Охотница, тут же пригибаясь, пошла в сторону спрятавшейся, то и дело останавливаясь и вглядываясь в пустоту зимнего леса. Вскоре они вышли на край вырубки. Вырубленная от леса огромная поляна была пуста. Людей видно не было. Стуки топоров и мужские окрики раздавались где-то в стороне и видно их не было.

– Где она? – спросила Голубава, всматриваясь в пни и остатки кустарника на вырубке.

Неважна помедлила, после чего протянула руку в сторону виднеющейся вдалеке края поляны, за которым видно был спуск или просто понижение, сказала:

– Там.

И они, низко пригибаясь, перебежками среди пней, пустились в направлении, указанном Неважной.

Когда они добрались до ямы, в которой по предположению молодой охотницы пряталась девка, то обе остолбенели в шоке, выпрямившись в полный рост, забыв про осторожность.

– Это же помойка, – обескураженно произнесла Голубава, оглядывая большой овраг, заваленный мусором жизнедеятельности человека. Там были свалены содранные шкуры животных, их скелеты, с не до конца обрезанным мясом, валялись тут и там целые головы различных животных, замёрзшие и свежие кучи говна и жёлтые дыры проталин от мочи. Было такое ощущение, что сюда ходил гадить целый табун мужиков в несколько десятков человек. Голубава недоумённо посмотрела на Неважну. Та, поморщившись, неуверенно спросила:

– Она что, лучшего места спрятаться не нашла?

– Ну, а чем не схрон? – ответила ей баба с какой-то брезгливостью.

– Она там, – со вздохом проговорила Неважна, указывая на отдалённую кучу и стала спускаться в овраг.

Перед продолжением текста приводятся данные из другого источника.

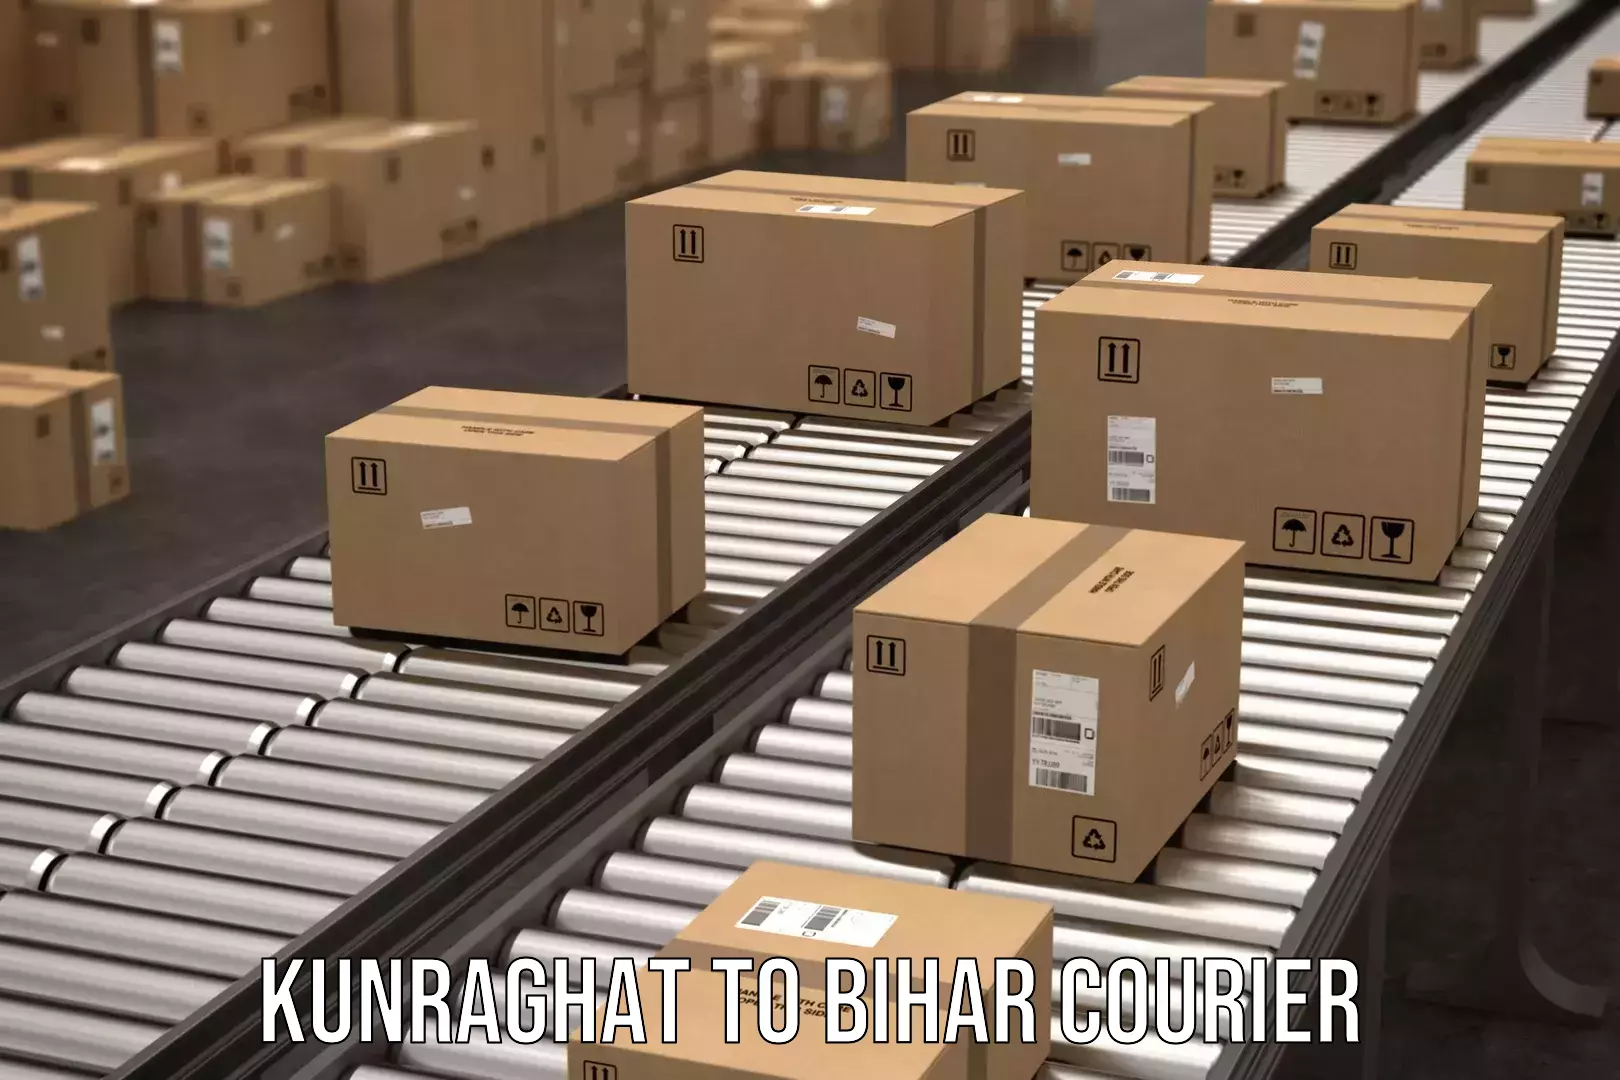 Global shipping networks Kunraghat to Dhaka

Внимательно смотря под ноги и пробираясь по краю, всё равно то и дело натыкаясь ногами на кости, припорошённые снегом, они добрались до нужной кучи. Девку нашли сразу и тут же поняли, хотя сначала не поверили, что она не пряталась, а её просто выбросили на помойку. Куча, в которой она лежала, была сооружена из кабаньих костей, а внизу их вмёрзла турова шкура, плохо ободранная с жиром и кусками замёрзшего мяса, которая подвернувшись образовала под двумя примороженными головами хряков, что-то вроде небольшой норы, в которой свернувшись калачиком лежала Белянка, а это была именно она. Девка была ещё живой, но ни на что не реагировала. Голубава вытащила её и взяв на руки, понесла из оврага наверх. Девка была подобна травяной кукле, безвольной и абсолютно расслабленной. Баба намеревалась отнести её куда-нибудь подальше от этой мерзости, где запихать в походный мешок, осмотреть и расспросить, если получится, но не успела.

– Эй, а ну стоять! – проревел мужской бас и в овраг с другой стороны спрыгнул здоровенный мужик с копьём в руке.

В голове у Неважны с момента обнаружения ямы, вид которой вверг её в недоумение и до этого момента, выведшего её из этого недоумения, пролетел целый рой эмоций. От непонимания и неверия в увиденное, до осознания того, что живого человека, девушку, можно прямо так взять и выбросить на помойку как… Она долго подбирала слово, но так и не смогла. Когда Голубава вынимала Белянку из норы, то осознание переросло в обиду до слёз, и она тихо заплакала, обзывая по-своему этих нелюдей, как умела. А когда этот воин рявкнул и прыгнул вниз, она уже негодовала в ненависти, злобе и ярости. Именно за мгновение до этого, ей вдруг захотелось поубивать всех этих сволочей, а тут как по заказу, на те. Она, даже не раздумывая, хладнокровно, но быстро, в одном монолитном движении сняла лук, вынула и вставила стрелу, натянула тетиву и выстрелила. Чем-то до безобразия довольный мужик, в тот момент шустро перелезавший через гору костей, словил стрелу прямо в глаз, ничего не успев понять. Даже самодовольное выражение на лице так и осталось без изменения. Он резко выпрямился, выгнулся назад и рухнул куда-то за кучу спиной вперёд, выронив при этом копьё. Неважна замерла со звериным оскалом на лице, как заворожённая смотря на пустое место, где только что был воин. Голубава, застигнутая врасплох его появлением, тут же заметалась, с девкой на руках, наконец набегавшись, положила её на снег и кинулась к воину.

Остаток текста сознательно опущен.